Paul Boyer argues in the epilogue to By the Bomb's Early Light: American Thought and Culture at the Dawn of the Atomic Age that people living in the US felt a resurgence of fear about fallout in the mid-1950s following a series of atmospheric tests of multimegaton thermonuclear weapons that began in 1952. The most alarming of these was a test of a fifteen megaton device in March 1954 at the Bikini Atoll in the Marshall Islands code-named "Castle Bravo" that poisoned thousands of Pacific Islanders and the crew of the Japanese fishing vessel Lucky Dragon Number 5 (an important inspiration for the first Godzilla film). Radioactive rain fell on Troy, NY in 1953 and on Chicago in 1955; also in 1955, nuclear disarmament activists brought a group of twenty-five Japanese women nicknamed the "Hiroshima Maidens" to the US in a well-publicized tour (including a painfully awkward appearance on the "This Is Your Life" TV program) for reconstructive plastic surgery of the severe keloid burns that they had received. Worries about fallout from atmospheric testing even became an issue in the Presidential campaign of 1956.

Anxieties over radioactivity, then, were probably more profound for some of those who saw THE INVISIBLE RAY on television in 1957 than it had been for those who had seen it in the movie theaters in 1936. The same terrors over fallout that gave us movies like THE BEAST FROM 20,000 FATHOMS (1953), THEM! (1954), GODZILLA, KING OF THE MONSTERS! (1956), and ATTACK OF THE CRAB MONSTERS (1957) may have also given THE INVISIBLE RAY an extra dimension of horror for SHOCK! viewers that it hadn't had before.

NEXT: Soft hands become ripping claws when a fabulous beauty turns into a crazed thing of evil.
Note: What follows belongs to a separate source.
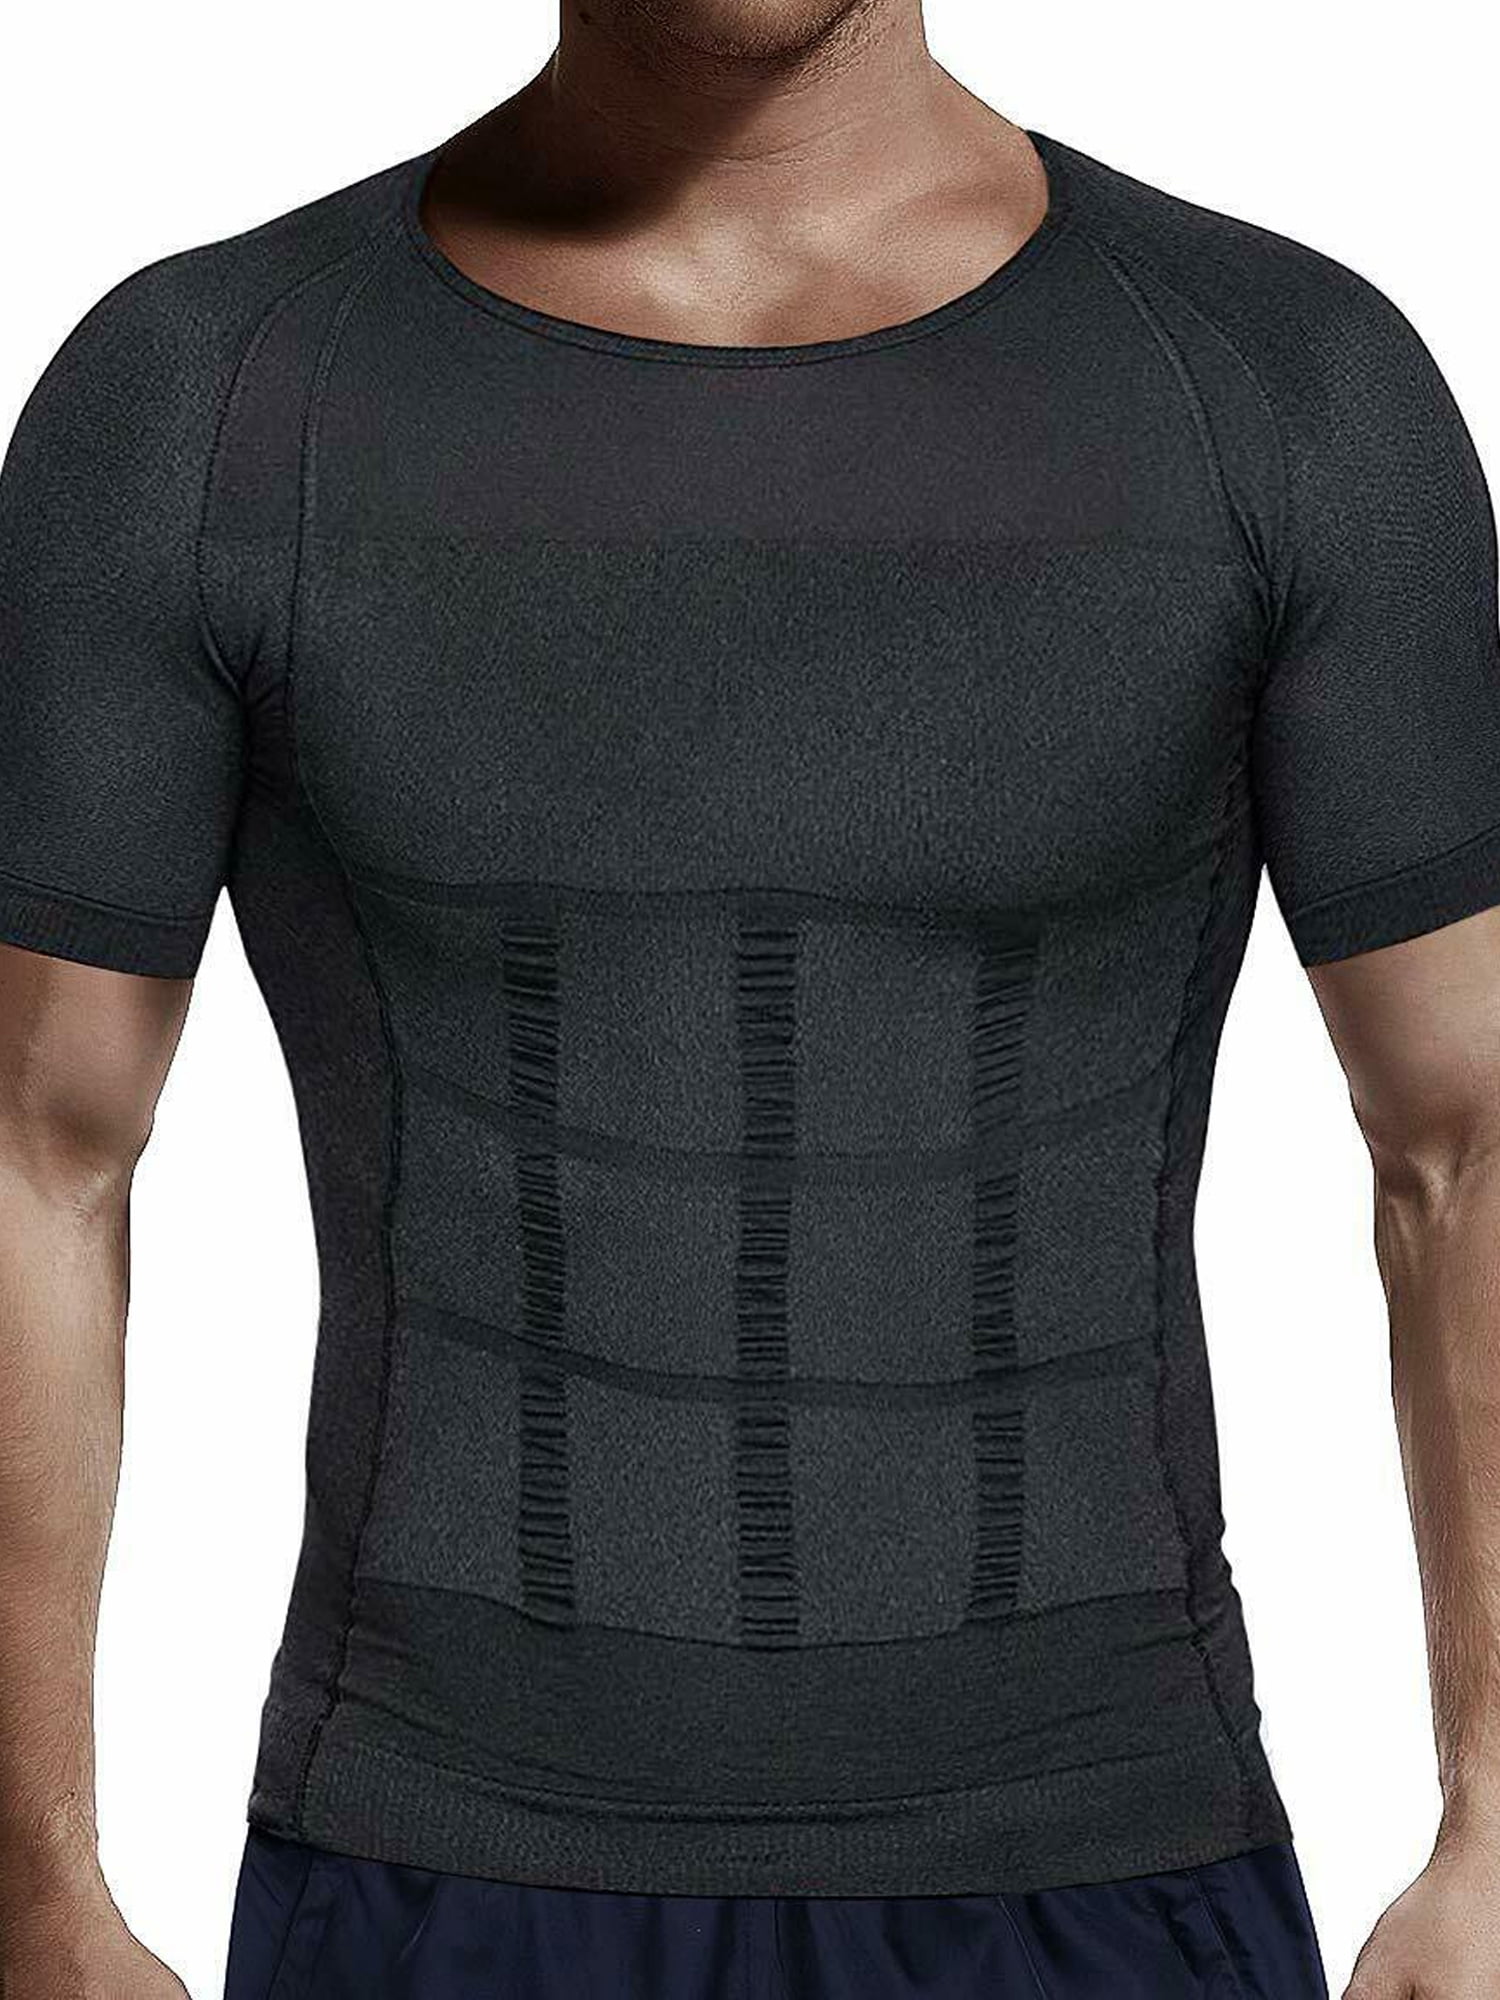 FITVALEN Compression Shirt for Men Gynecomastia Shapewear Vest Undershirt Slimming Body Shaper to Hide Moobs Belly Tummy Control Underwear Gridle Belt Work Out Tank Tops

See the Shock feature film presentation THE SHE-WOLF OF LONDON. June Lockhart and Don Porter co-star.


Mirek said...

Excellent review, Creeping Bride, and fascinating linkage with Madame Curie and the Atom Bomb.

I'm out of town for the rest of the week, so I wasn't able to watch INVISIBLE RAY, but I have seen it in the past year. It's always been a curiosity, but a favorite of mine, too.

kochillt said...

Of the 3 major Karloff-Lugosi teamings from the mid 30's, THE INVISIBLE RAY has to be my favorite. It is quite rare for a Lugosi death on screen to be a tragic one, and the stars' final showdown remains one of their best scenes together. Even Karloff's demise prompted the same reaction, a real accomplishment for Western specialist Lambert Hillyer, whose gift for pacing was far better served here than in DRACULA'S DAUGHTER. I shed a tear for both Bela and Boris in this film, and also for SON OF FRANKENSTEIN. I discovered these films on Pittsburgh's CHILLER THEATER, hosted by Bill "Chilly Billy" Cardille, and have a complete list of all the titles that aired during its 20 year run (1963-1983), courtesy of John Buriak's excellent website. P.S.: I have also been priviledged to have met the very amiable Cardille on two memorable occasions.